日本地球惑星科学連合2022年大会

講演情報

[E] 口頭発表

セッション記号 M (領域外・複数領域) » M-GI 地球科学一般・情報地球科学

[M-GI29] Data assimilation: A fundamental approach in geosciences

2022年5月26日(木) 13:45 〜 15:15 104 (幕張メッセ国際会議場)

コンビーナ:中野 慎也(情報・システム研究機構 統計数理研究所)、コンビーナ:藤井 陽介(気象庁気象研究所)、三好 建正(理化学研究所)、コンビーナ:加納 将行(東北大学理学研究科)、座長:三好 建正(理化学研究所)、藤井 陽介(気象庁気象研究所)

13:45 〜 14:00

[MGI29-01] Sparse sensor placement applied to numerical weather prediction: Experiments with a simplified AGCM

★Invited Papers

*欧陽 懋1小槻 峻司1 (1.千葉大学)

キーワード:データ同化、スパースセンシング、天気予報、最適化、局所化

Data assimilation (DA) plays an important role in numerical weather prediction (NWP) to provide optimal initial conditions by combining forecasted state and observation data. While DA has been used to evaluate impacts of assimilated observations, limited studies tried to optimize observing placement of additional mobile observations such as by aircrafts. In this study, we applied data-driven sparse sensor placement (SSP) to optimize locations of additional weather stations.
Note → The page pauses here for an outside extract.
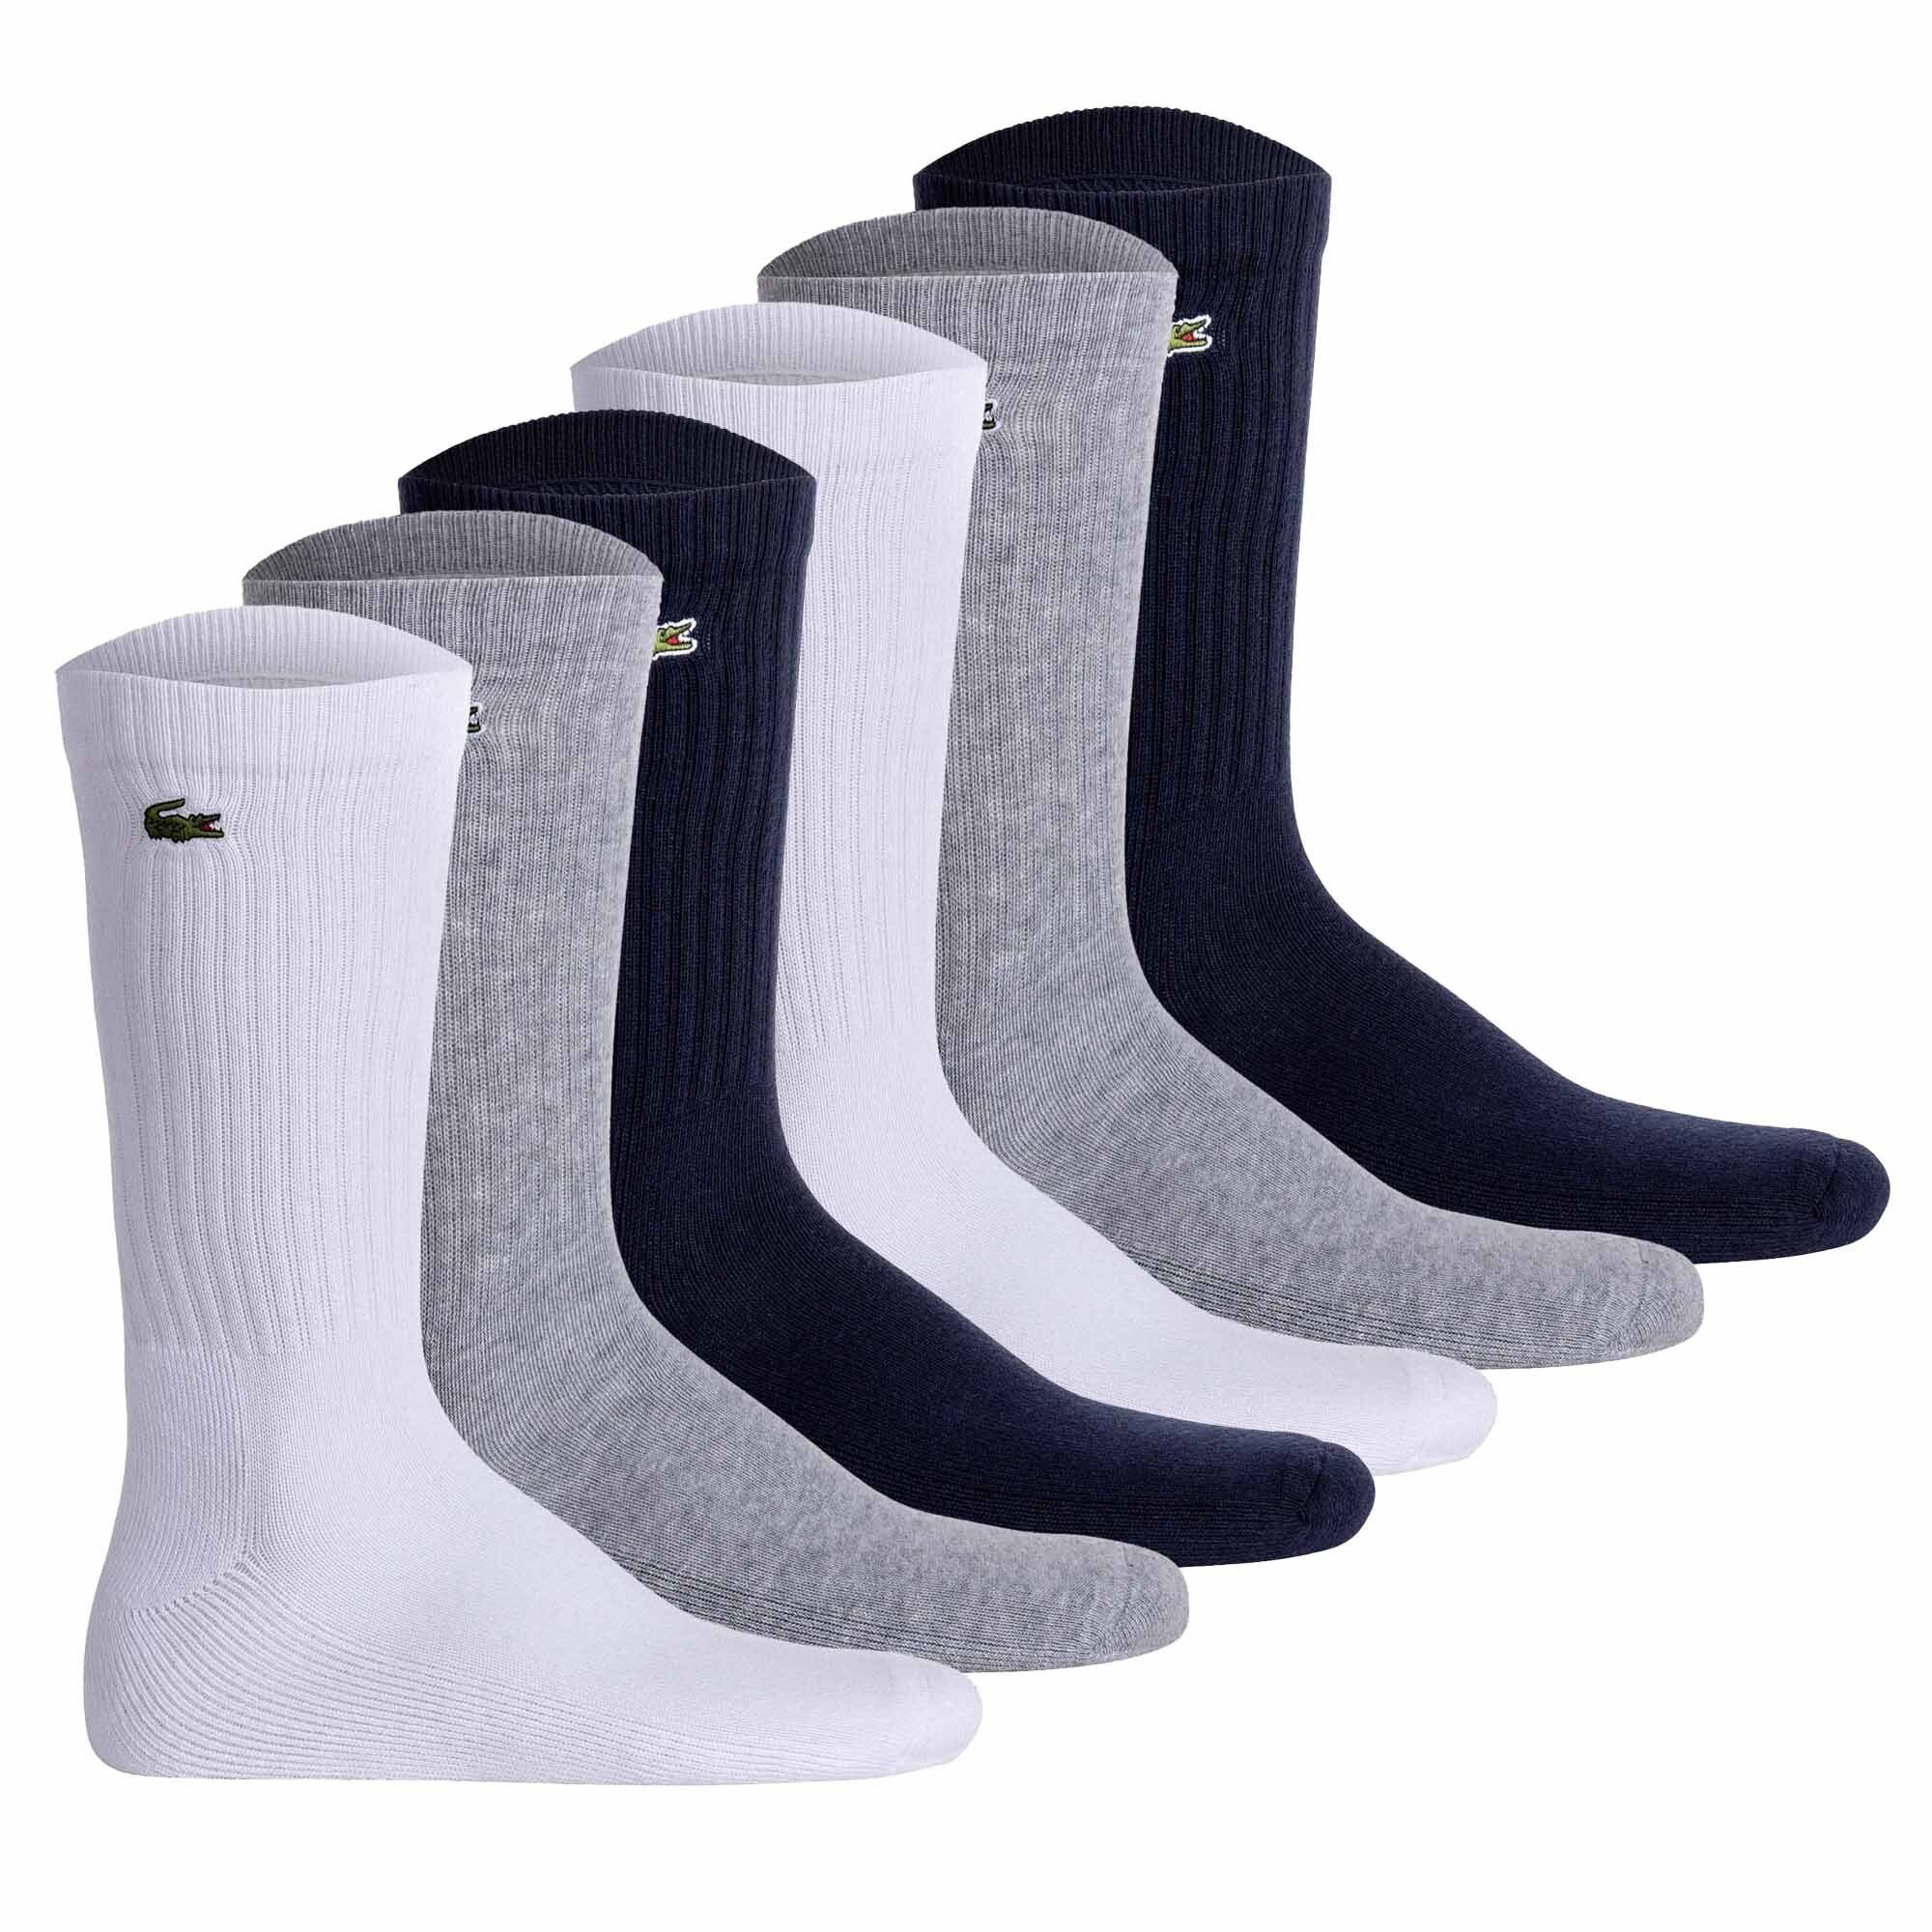 Weiß/Grau/Dunkelblau Socken, Tennissocken Pack Kurzsocken Unisex - 6er Lacoste

Here we consider two objective functions: maximizing the determinant and minimizing the trace of the inverse of the error covariance matrix (D- and A-optimality). We applied this two objective-function-based SSP for observing system simulation experiments using an intermediate global atmospheric model coupled with the local ensemble Kalman filter (a.k.a. SPEEDY-LETKF) to optimize observing placement in Pacific Ocean. Sensitivity analysis is investigated on the target new weather stations selection ranges with localization scales equal to 300, 500, 600, 700 and 900 km. The global average root mean square errors (RMSE) obtained from the SSP methods are compared with the ensemble spread-based determination of the observing placement. Due to the different additional station selection patterns by SSP and ensemble spread-based method, D- and A-optimality-based experiments show different global average RMSEs with the ensemble spread-based case. Examination of observing placement patterns by SSP reveals that the new stations tend to be selected near the edge of the target selection range. Our results demonstrate that the performance of SSP methods is sensitive to the localization scales of target selection range. When the localization scale of target selection range is greater than equal to 300 km and less than 600 km, A-optimality-based result shows the smallest RMSE among the other methods. When the localization scales of target selection range is greater than equal to 600 km and less than 900 km, D-optimality-based result presents the smallest RMSE. This research suggests that the data driven SSP methods could be employed to provide better observing placement approach for NWP than a simple ensemble spread-based placement.